Investment Options: ETF'S - Top pureplay options are NYSE:PALL Palladium Silver Shares ETFS and NYSE:LPAL VelocityShares 2x Long Palladium ETN. PALL holds around 700,000 ounces of the white metal but has exceeded one million ounces as recently as 2011 (holdings increased with the dramatic rise in palladium prices). VelocityShares ETN is relatively new; ETN's are debt instruments so they are not considered great options for long term buy and hold investors (why VelocityShares holdings of palladium are wildly inconsistent). VelocityShares began trading mid October 2011. Diversified ETF options Zurich Cantonal Bank, or ZKB ETF has holdings of palladium (387,257 ounces) and platiunum (366,957 ounces).
The number 1 source of demand is vehicle manufacturers who make use of its capabilities as a catalyst in catalytic converters. The catalyst is required to stimulate an oxidation reaction that ultimately converts toxic combustion byproducts to carbon dioxide and water (reduction of NO to O and N is by rhodium).
Palladium accounts for 90-95 % of precious metals used in catalytic converters (95% for gasoline/20% in diesel powered vehicles) and even more noteworthy, palladium's share of diesel catalysts rose from 7% in 2007 to 20% in 2009. Each catalytic converter uses 4 grams of palladium and platinum. Palladium shares many characteristics with platinum, not surprising given that palladium is one of only six transition metallic elements comprising the Platinum Group of the periodic table (the other four being rhodium, ruthenium, osmium and iridium). Among their similarities: all are great catalysts, are hard metals making them resistant to scratches. They also have high boiling points and are noted for their electrical properties. As for platinum, its share of diesel catalysts fell to 80% compared to 86% in 2008 owing to the increased popularity of palladium. Between June 2010 and June 2011 3.1m oz of platinum was used by automakers (compare that to 5.4M ounces for palladium) however jewelry demand for platinum waned (15% less, bringing it down to 2.4M ounces; palladium jewelry demand fell 20% to 0.6M ounces), that's in contrast to late 2008/2009 when lower prices boosted demand by jewelry 70% with growth recorded in China. (Northram Platinum Ltd July 2011 Annual Report. Angloplatinum 2009 Report) With regards to rhodium, South Africa produces 60% of the extremely reflective/corrosion resistant platinum group metal ranking just ahead of Russia. In 2009 the spot price of rhodium dropped like a rock; it averaged only $1,509/oz that year after averaging $5,174/oz the year before. In 2009 gold was the only metal with an iso currency code to avoid a price decline (averaged price). One of rhodiums key uses is in the production of nitric acid (nitric acid is one of the compounds usedby jewelers to verify whether or not something is real gold). Supplementary info Trends in the gold to silver & gold to platinum ratios Palladium demand by end-market : auto catalysts (54%), electronics (14%), investment (9%), dental (9%) & jewelry (8%). (Stillwater Mining 2010 annual report)

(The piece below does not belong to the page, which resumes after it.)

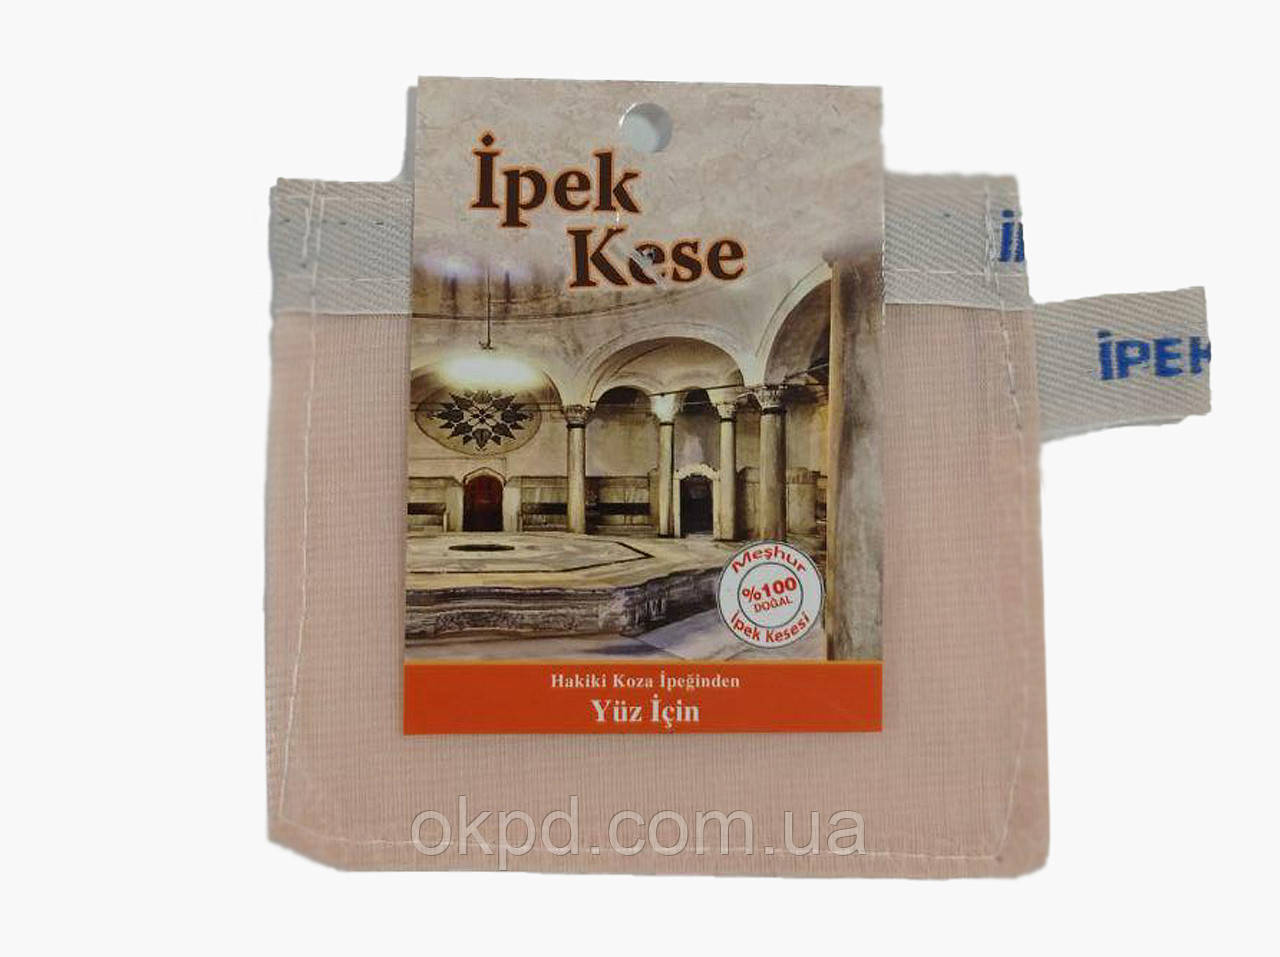 Кесе для лица IPEK (шелк) 8х8см для хаммама - турецкой бани

In 2010, 80% of the world's palladium came from Russia (2.7-2.9 million ounces, steady from 2008 to 2009 but down 16% from 2006) and South Africa (2.485M oz same as the previous year but down 11.3% from 2007). South Africa is home to some of the biggest platinum-palladium mines in the world namely those in the region of the Bushveld Igneous Complex (South Africa just behind Russia at 40% for palladium production but leads all countries in platinum supplying 80% of that metal (4.725M ounces). The 2011 global supply of palladium is forecast to decline 5.4% yoy to 6.8M oz from 7.1M oz in 2010 & 7.6M oz in 2009. 6.3M oz of the supply was mined. Palladium supply from the top 3 sources (Russia, South Africa, North America) is down 18% in just the last four years (2006: 6980M oz vs 2010: 5545M oz). There are a number of problems regarding supply, firstly mine depletions particularly in Russia where Norilsk has become the only major producer, also Russian stockpiles are dwindling which is significant given that traditionally it has been the largest source of non mined production (total non-mined prod: approximately 1.3 million ounces annually). Also of concern: deeper mine shafts in South Africa (mines are being made deeper because that's where the high grades are) and so there are safety concerns, the country is also struggling with foreign exchange rates and their affects on currency losses. (Stillwater Mining Company: March 2011 Presentation) Palladium primary production has fallen even faster than it has for platinum (-15% vs -12% since 2006). Stockpiles in Russia, the source of 17% of Pd supplies since 1984 are almost entirely exhausted.more info on gold/silver investing
In catalytic converters, palladium now accounts for over 95% of the catalysts used, up from 85% in 2007 (Stillwater Mining, March 2011) meaning that the automotive industry (a growing industry sector with 40-50 million people entering the middle class each year in China, Brazil and other rapidly developing countries) is becoming ever more reliant on palladium (6% increase in palladium use by automakers in 2011, 5.5M ounces, each catalytic converter uses 4 grams of palladium + platinum). In 2010 72 million light vehicles were produced and that number is expected to grow to 88 million by 2013 reaching 100 million by 2016. Strict pollution controls mandate the use of catalytic converters. (North American Palladium, October 2011)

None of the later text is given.